Of course, this had its impact. The middling grades realized they had to leave to get career advancement and the senior people realized further advancement was unlikely. The people with get up and go got up and left.

What about the people on the lower grades? When the roll-out happened, they were very happy. For the first time, they had clear goals for promotion, and consistency meant they wouldn't have to leave their group to get promoted. They were upset when it was canceled because it was back to the old opaque system. When the review never happened, it dawned on many of them that the company wasn't serious about their futures.

Instead of being a positive change for the future, it set the company back several years.

Why did it go so badly wrong?

Solving the wrong problem

What problem was senior management trying to solve? There were two broad problems we faced as a company:

  • Current inequities and inconsistencies
  • Future inequities and inconsistencies

The skill/grade matrix was a solution to the second problem, but not the first. The first problem was the most serious and the skills/grade matrix just made it more visible. The senior management team had no plan to address the first problem.

The leadership applied the right solution to the wrong problem.

Overnight fix to a long-standing problem

Inconsistencies had built up over the course of about a decade, and there were reasons why things developed the way they did. Partly, it was company culture. 

As a general rule of thumb, entrenched problems take time to solve. Senior leadership plainly expected a magic wand, but that was never going to happen. They didn't put in enough effort post-launch to make the project successful.

Didn't listen/lack of inclusion

This was the main problem. Senior leadership should have talked to software developers to understand what their concerns really were. In short order, listening would have brought to the surface the issues with current inequities and it would have shown senior leadership that the plan wasn't going to work. The fact that developers weren't involved in discussions about their own future was telling.

Pretend it never happened

You can't put the genie back in the lamp. Senior management tried to brush the whole thing under the rug very quickly when it was apparent it was going wrong, which was the worst response they could have made. 

How should they have dealt with it?

Hindsight is a wonderful thing, but knowing what I know now, here's how I would have dealt with this situation differently.

  • Understand what the problem really is by talking to people. By people, I mean the people directly affected. I've learned never to rely on intermediaries who may be incentivized to mislead or tell you what you want to hear.
  • Deal with the worst cases up-front and as one-offs. A one-size fits all process can flounder when dealing with outliers, so it's better to deal with the most extreme cases individually. In this case, people who should be on much higher levels.
  • Trial the solution with a small group. Trying it on a group of about 20-30 software developers would have flushed out most of the problems.
  • Stick with it. Put the effort in to make it work, but have clear criteria for exiting if it doesn't work.

More specifically, I might have followed these policies.

  • Assuming no or very little money for promotions, I would have extended the pay bands at the bottom end.

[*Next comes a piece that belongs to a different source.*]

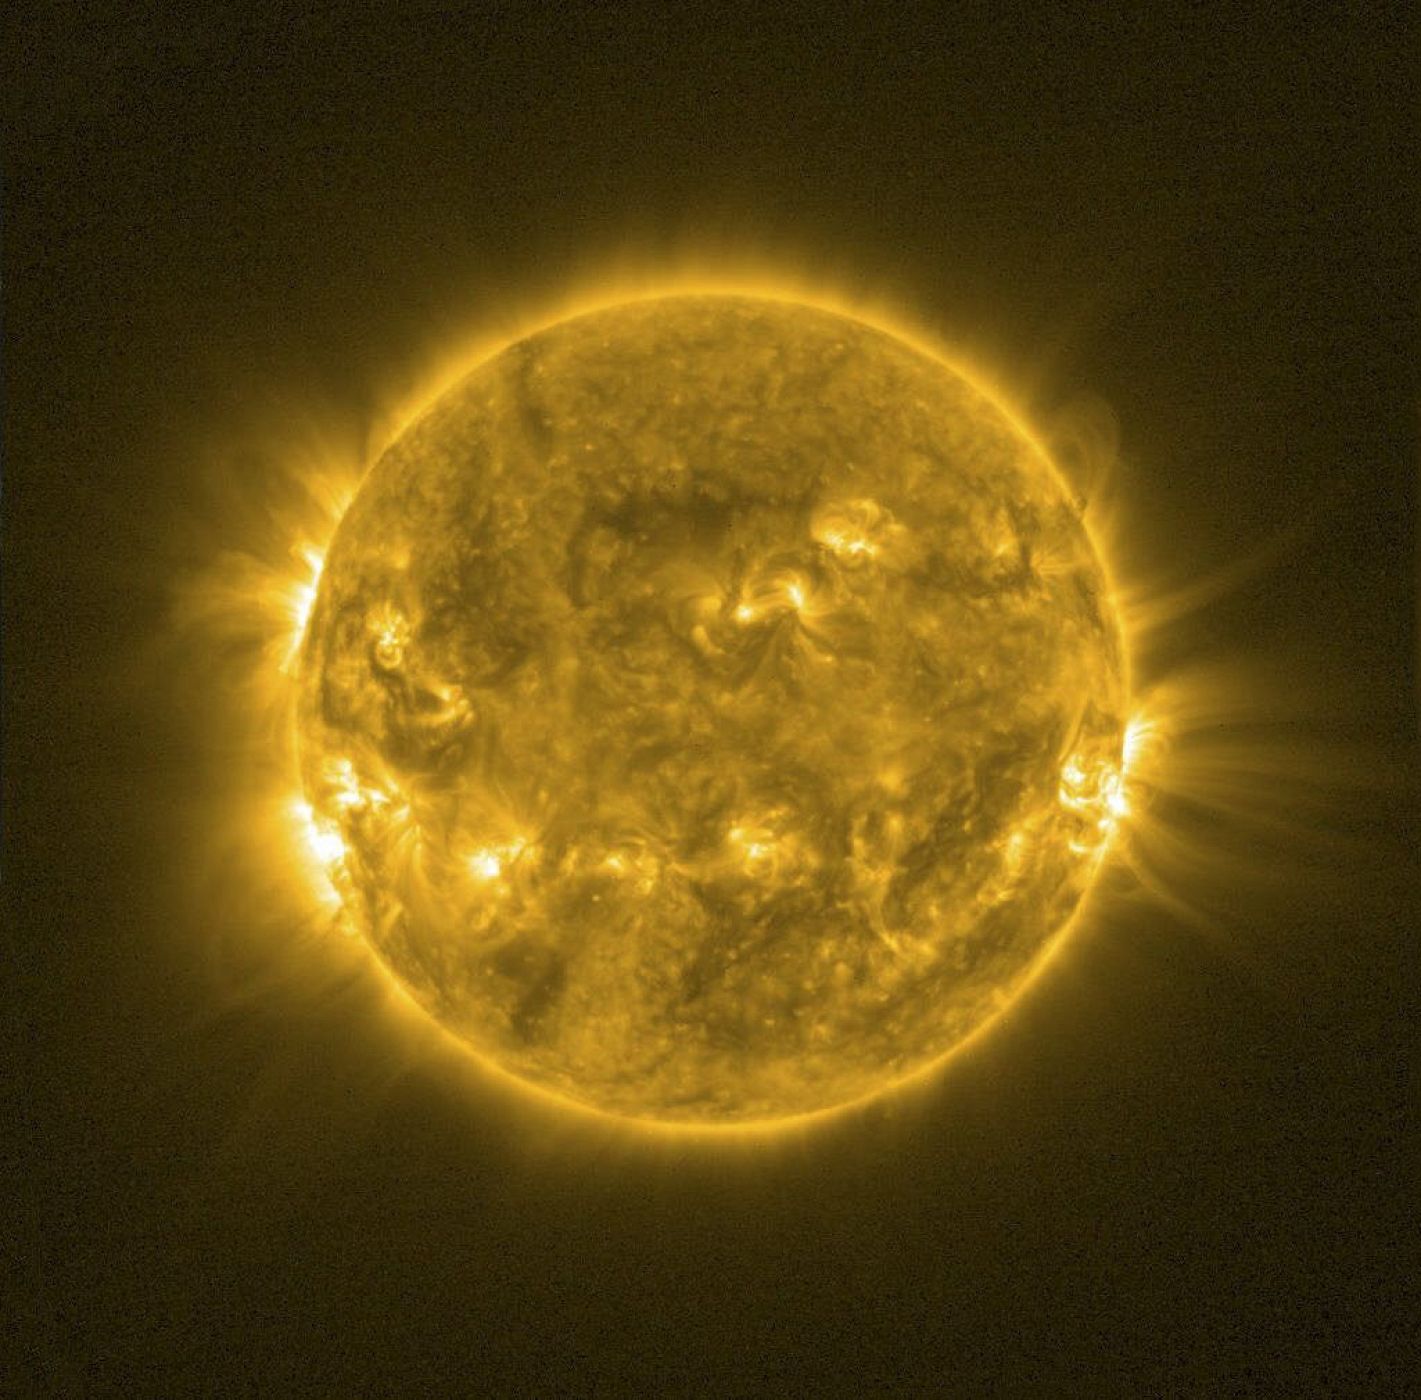 Fotografía facilitada por la Agencia Espacial Europea (ESA), de la corona solar, una de las más recientes imágenes captadas por el satélite Proba-2.

This would allow me to promote people without incurring extra costs. In the ideal world, you promote everyone who deserves it and give them the appropriate pay rise, but the ideal world doesn't exist.
  • I might reform the whole 20-30 levels, for example, I might call the levels something else, and then I would map people to new levels, including mapping some people to higher levels. An exercise like this allows you to correct all kinds of oddities, but of course, some people will be upset.
  • For people who were on higher levels than they should be, I would leave them there for a while. It's too damaging for an organization to make corrections on this scale - there were just too many people who were over-promoted. But I wouldn't promote these people further until their performance warranted it.